You cannot spoil a child with affection. Trusting your child to grow out of nursing fosters his self-esteem. It’s another way of telling him his feelings matter. Natural weaning respects differences in children by letting them grow at their own pace. Independence can’t be forced upon a child before he is ready to assume it. It is the child who is pushed to grow up too soon who clings the longer. Meet a need—it is gone!

At La Leche League meetings, you can find the support of other mothers who understand that it’s both normal and healthy for children to sustain breastfeeding, but also that a child moves on from breastfeeding and can use his mother’s help to do so.

All mothers and babies are different and there are no prizes to be won for breastfeeding the longest.


References

1. Mead, M. and Newton, N. Cultural Patterns of Perinatal Behaviour in Childbearing: Its Social and Psychological Aspects. Baltimore, Maryland: Williams & Wilkins Company 1967.

2. World Health Organization, Unicef Global strategy for infant and young child feeding (2003).

3. Brown, K. et al. Effects of common illnesses on infants’ energy intake from breast milk and other foods during longitudinal community-based studies in Huascar (Lima) Peru. American Journal of Clinical Nutrition. 1990; 52:1005–1013.
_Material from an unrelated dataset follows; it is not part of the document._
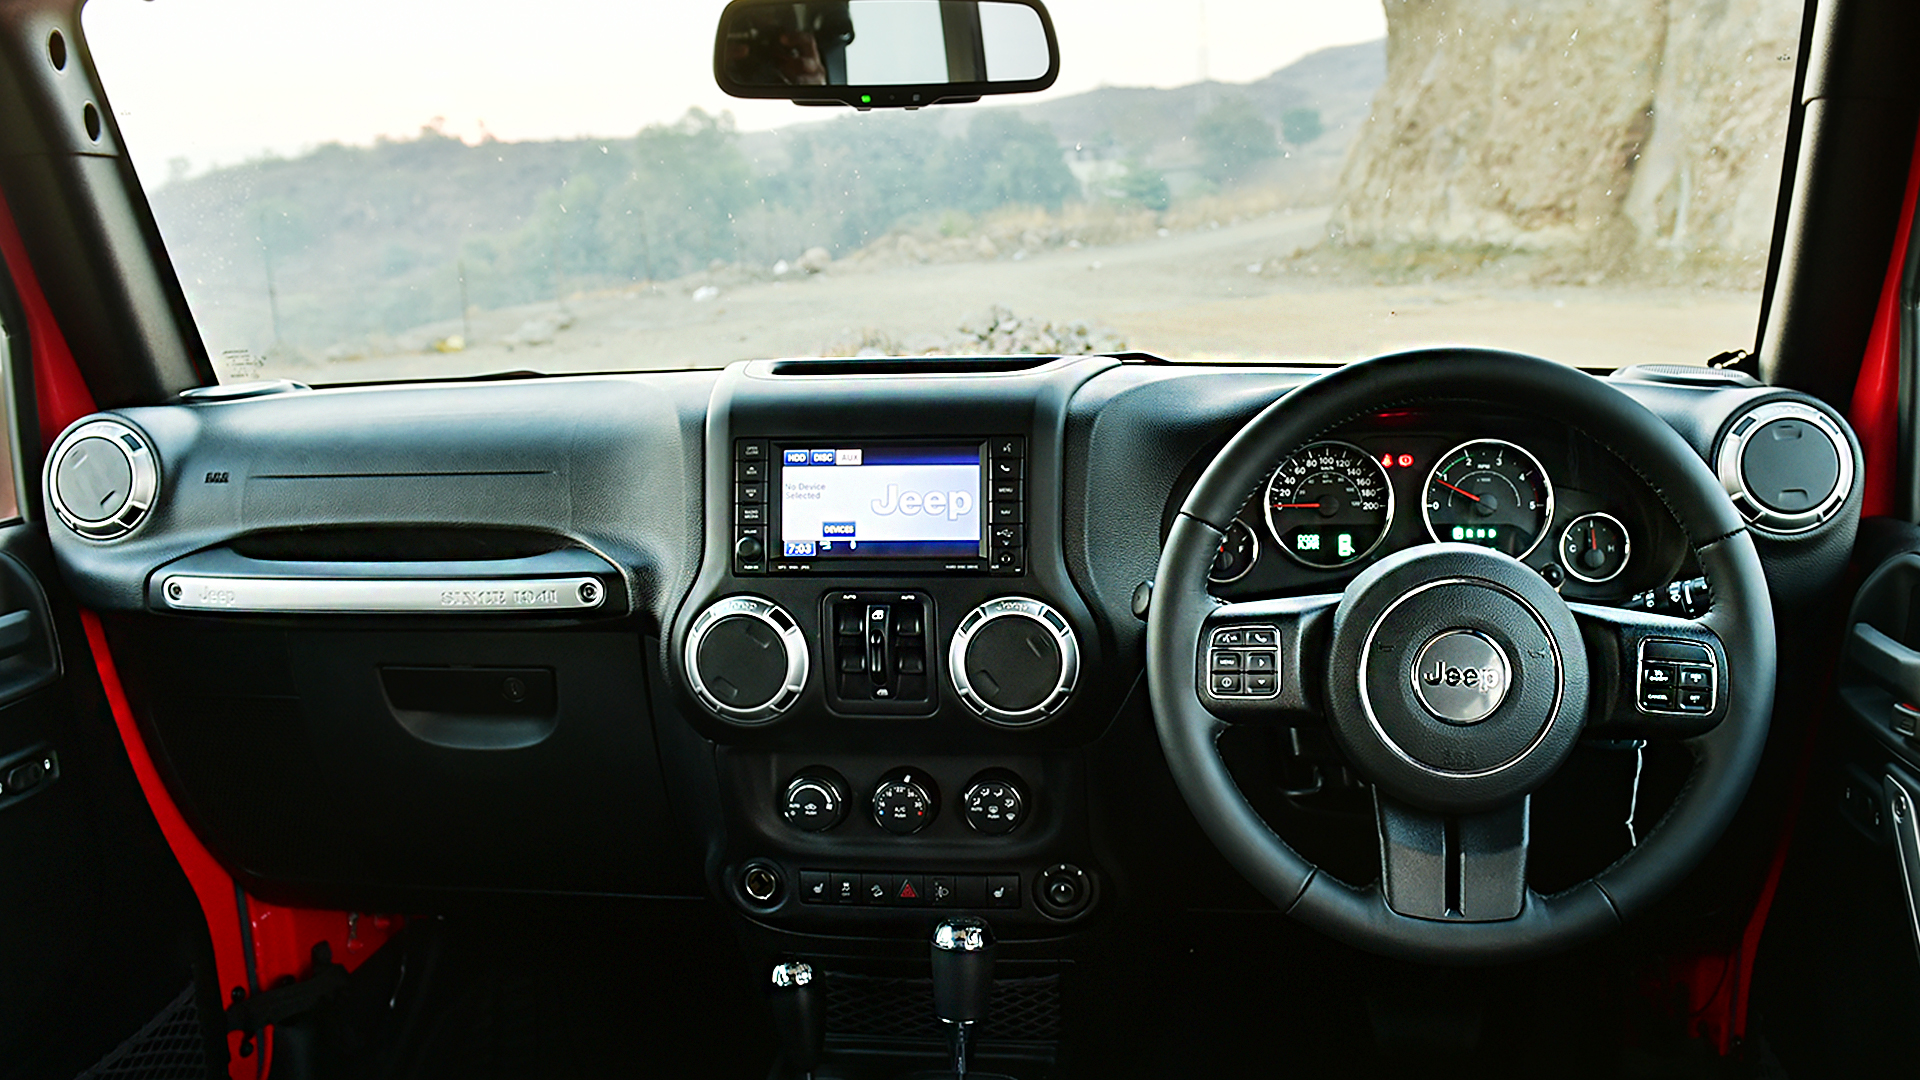 Jeep Wrangler 2016 Unlimited Interior Car Photos Overdrive

4. World Health Organization Evidence of long-term effects of breastfeeding: systematic reviews and meta-analyses. Geneva, 2007.

5. World Health Organization Summary of evidence in support of the revised WHO principles and recommendations on HIV and infant feeding. Geneva, 2010.

6. WHO/PAHO. Guiding principles for complementary feeding of the breastfed child. Washington, DC, Pan American Health Organization, 2003.

7. The World Health Organization Indicators for assessing infant and young child feeding practices Part III: country profiles.  http://nutritioncluster.net/wp-content/uploads/sites/4/2013/12/IYCFE_WHO_Part3_eng.pdf

8. Engle P., Bentley M., et al. The role of care in nutrition programmes: current research and a research agenda. Proc Nutr Soc 2000;59:25-35.

9. Dewey K. Nutrition, growth and complementary feeding of the breastfed infant. Ped Clin N Amer 2001;48:87-104.

10. Ferguson, D. et al. Breastfeeding and subsequent social adjustment in six- to eight-year-old children. J Child Psychol Psychiatr Allied Discip 1987; 28:378-86.